_TASK TO COMPLETE_. From the records below, print only the part that opens with the line containing "Il Decreto Liquidita'" and closes with the line containing "Demokratie, Protest, Occupy"; omit the pictures.

_PROVIDED DATA_.
=-=-=-=-=

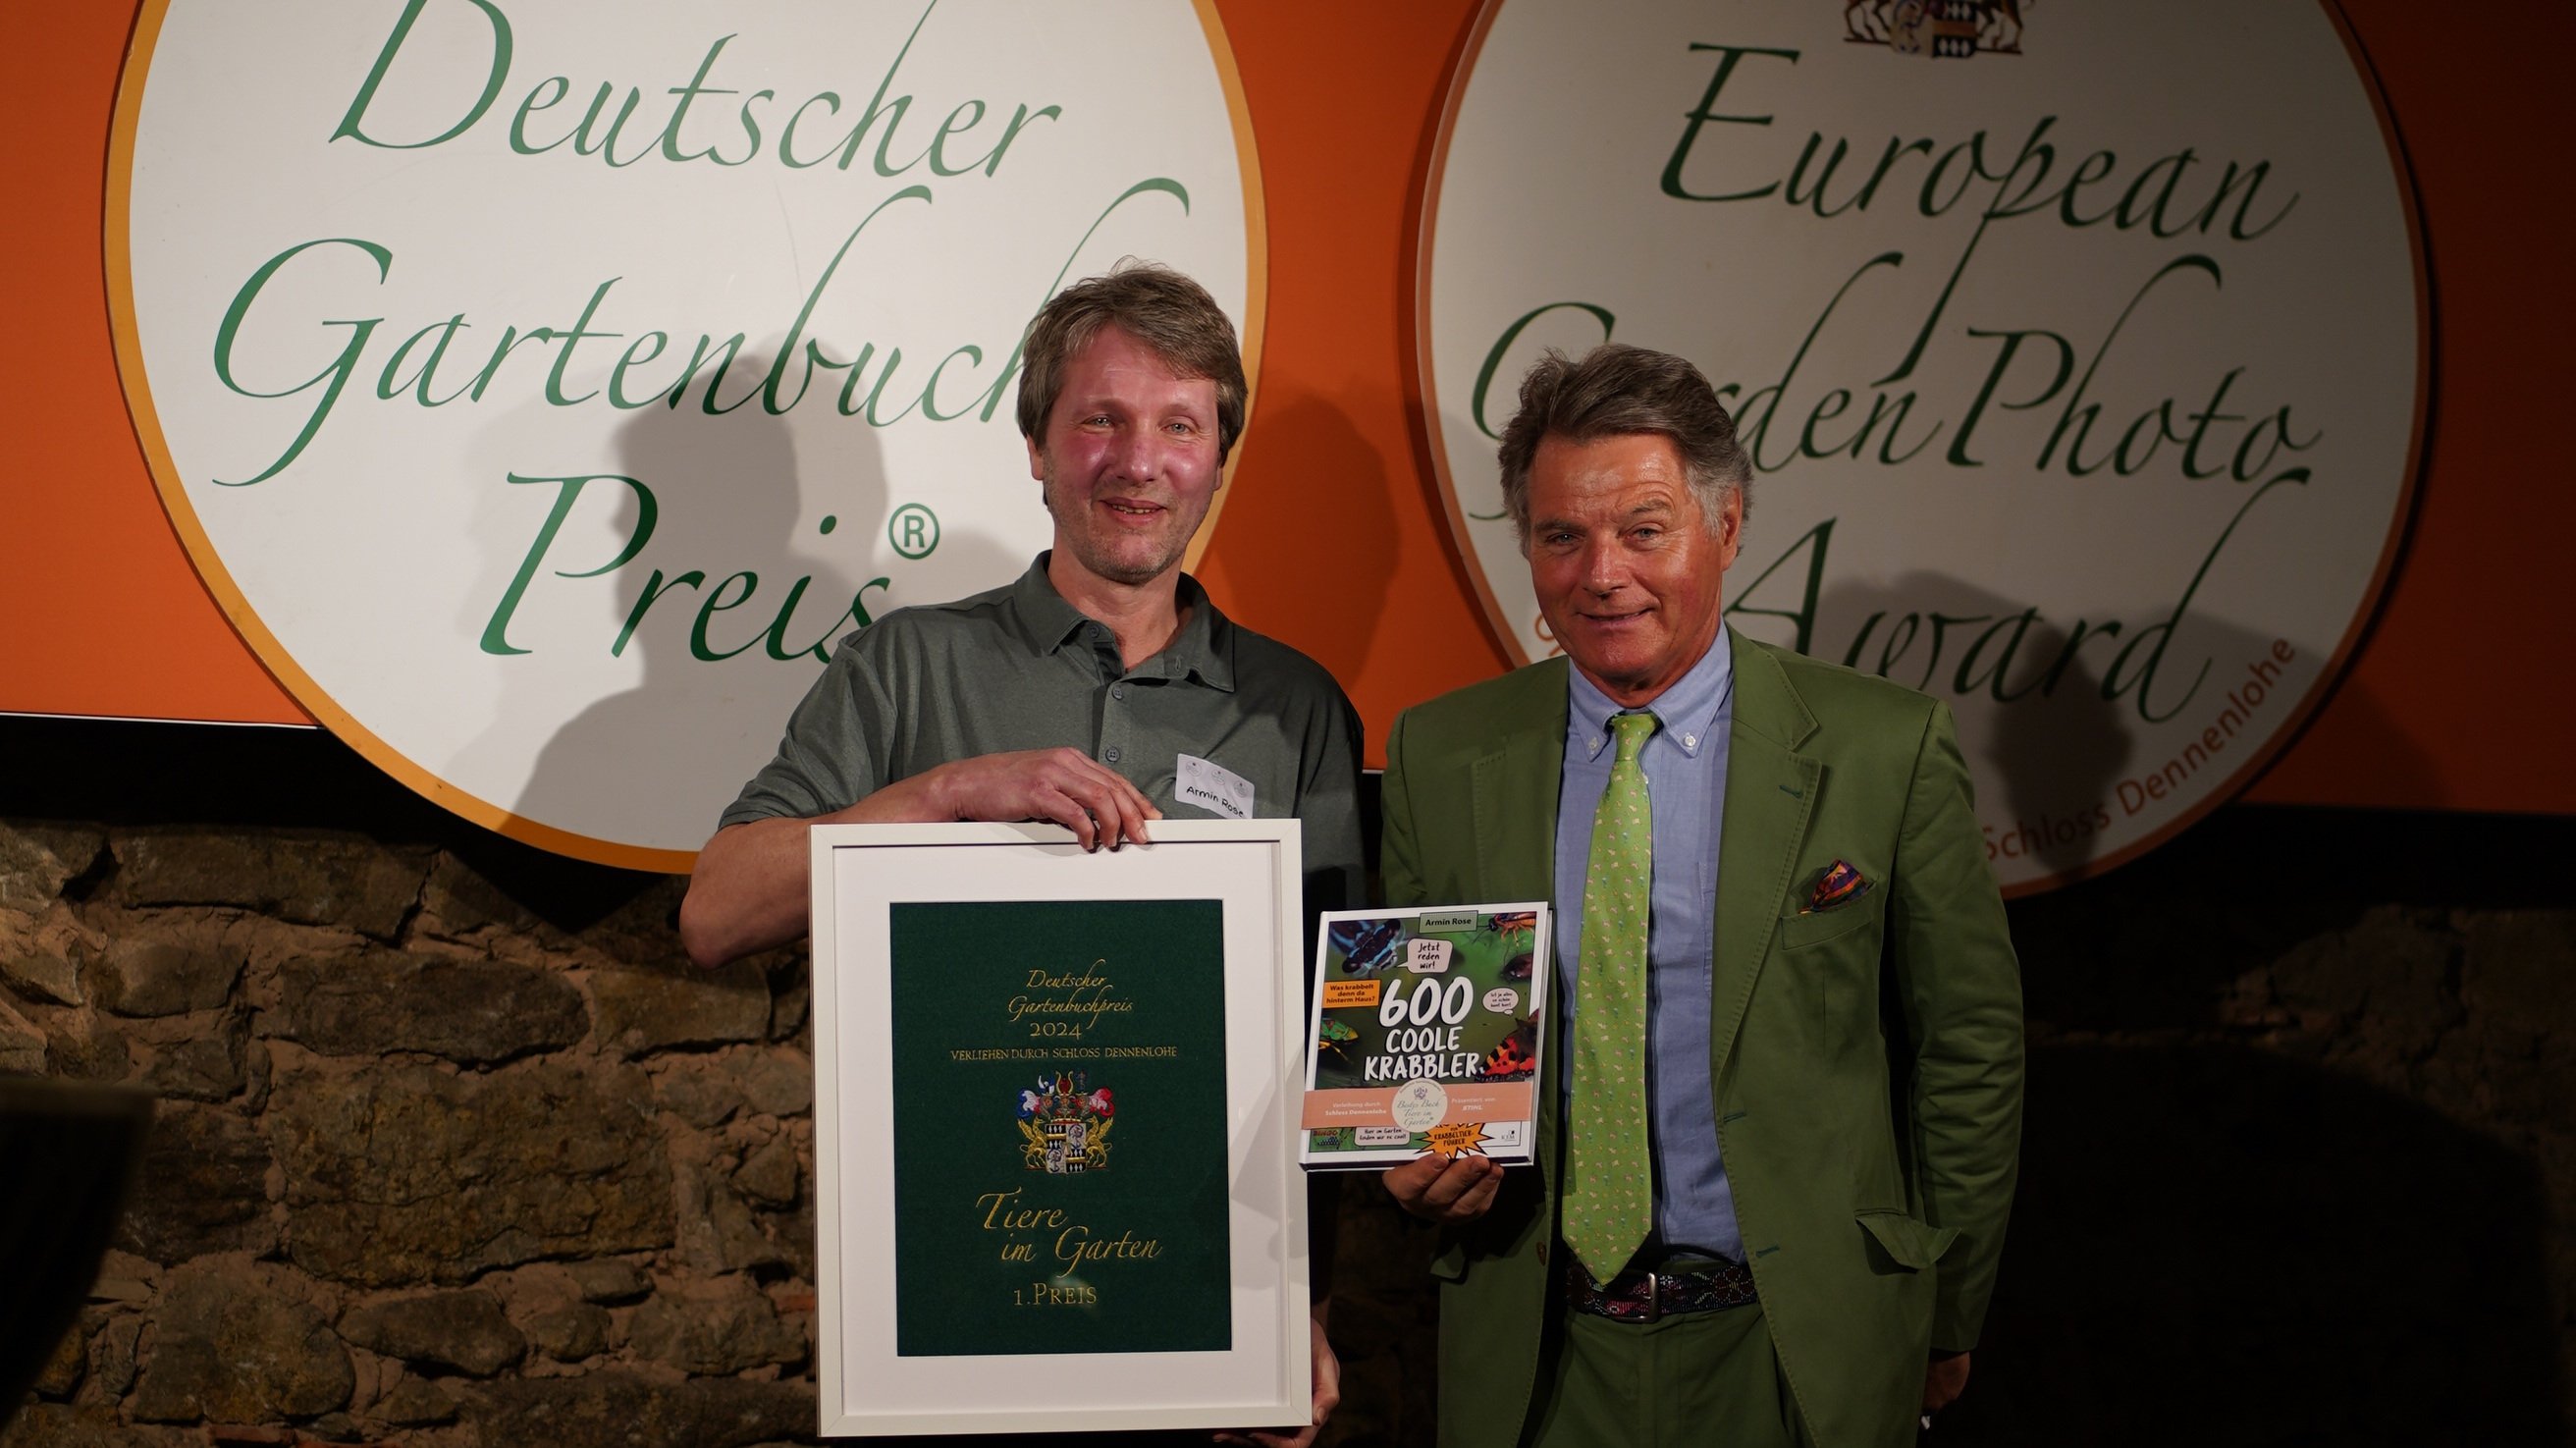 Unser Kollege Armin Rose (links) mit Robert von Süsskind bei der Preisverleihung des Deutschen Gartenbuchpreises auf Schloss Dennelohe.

=-=-=-=-=

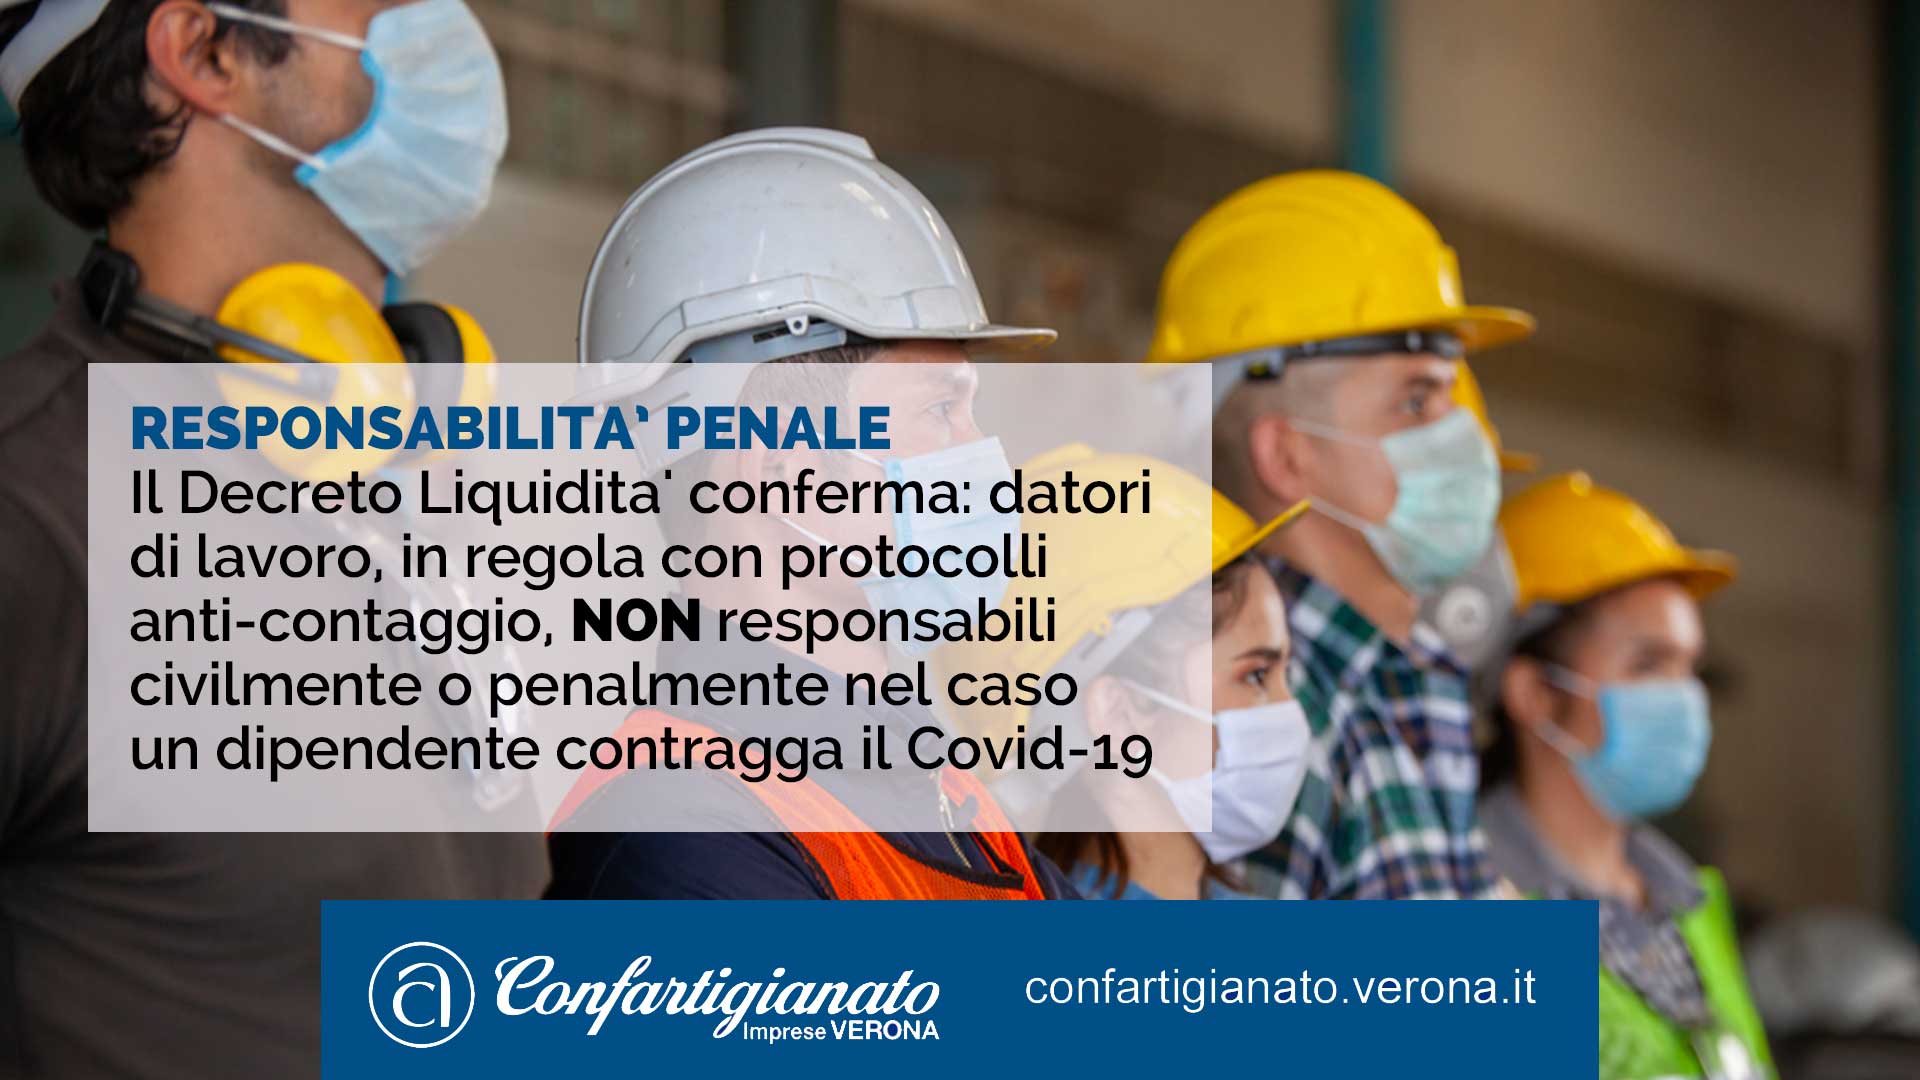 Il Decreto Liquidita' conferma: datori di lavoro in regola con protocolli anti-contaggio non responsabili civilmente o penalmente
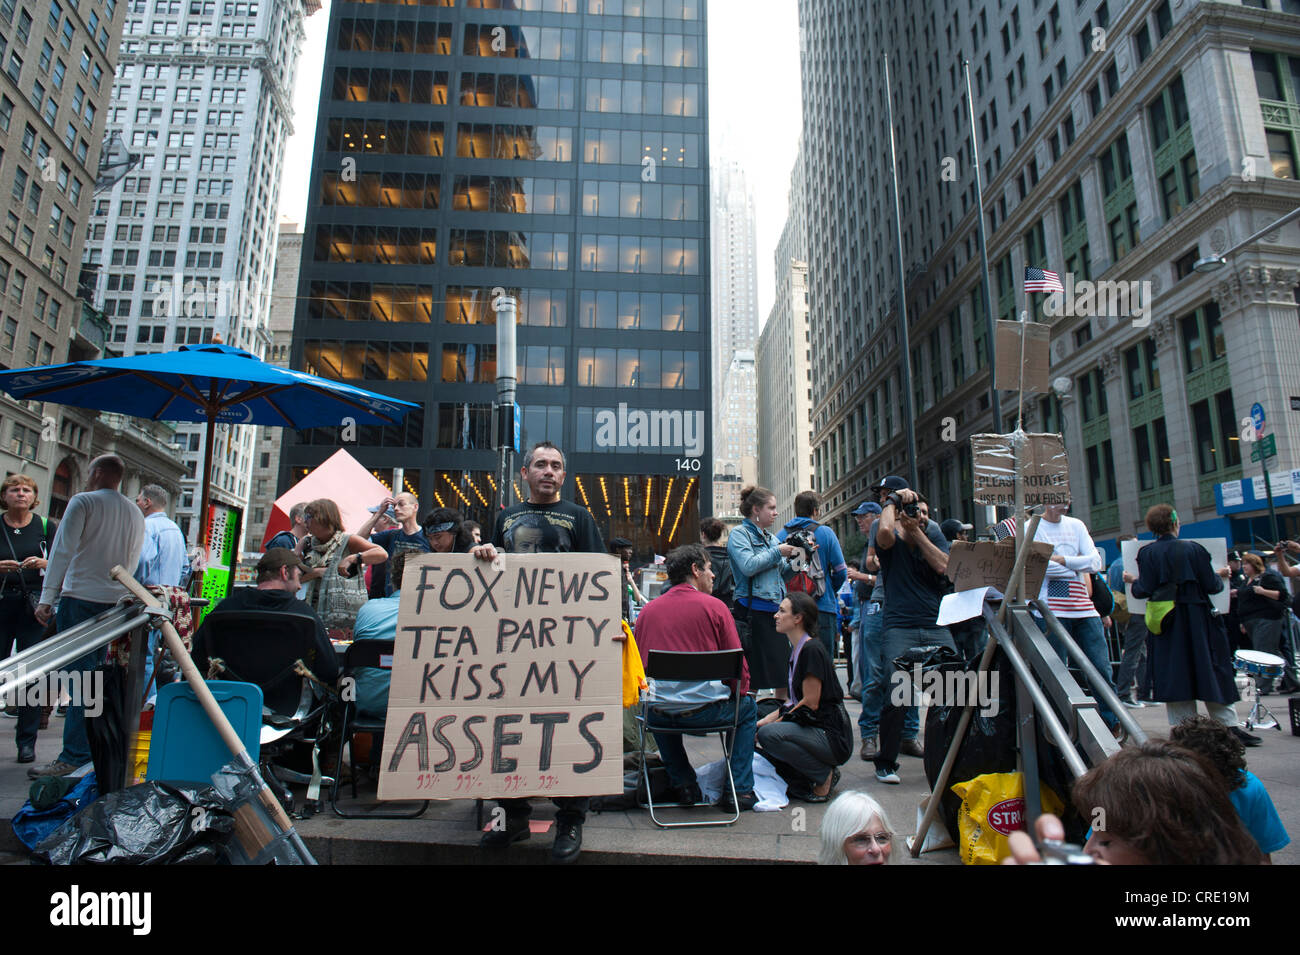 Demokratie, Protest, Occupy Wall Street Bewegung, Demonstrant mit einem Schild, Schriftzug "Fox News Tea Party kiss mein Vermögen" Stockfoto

=-=-=-=-=

_WORKED SOLUTION_.
 Il Decreto Liquidita' conferma: datori di lavoro in regola con protocolli anti-contaggio non responsabili civilmente o penalmente
 Demokratie, Protest, Occupy Wall Street Bewegung, Demonstrant mit einem Schild, Schriftzug "Fox News Tea Party kiss mein Vermögen" Stockfoto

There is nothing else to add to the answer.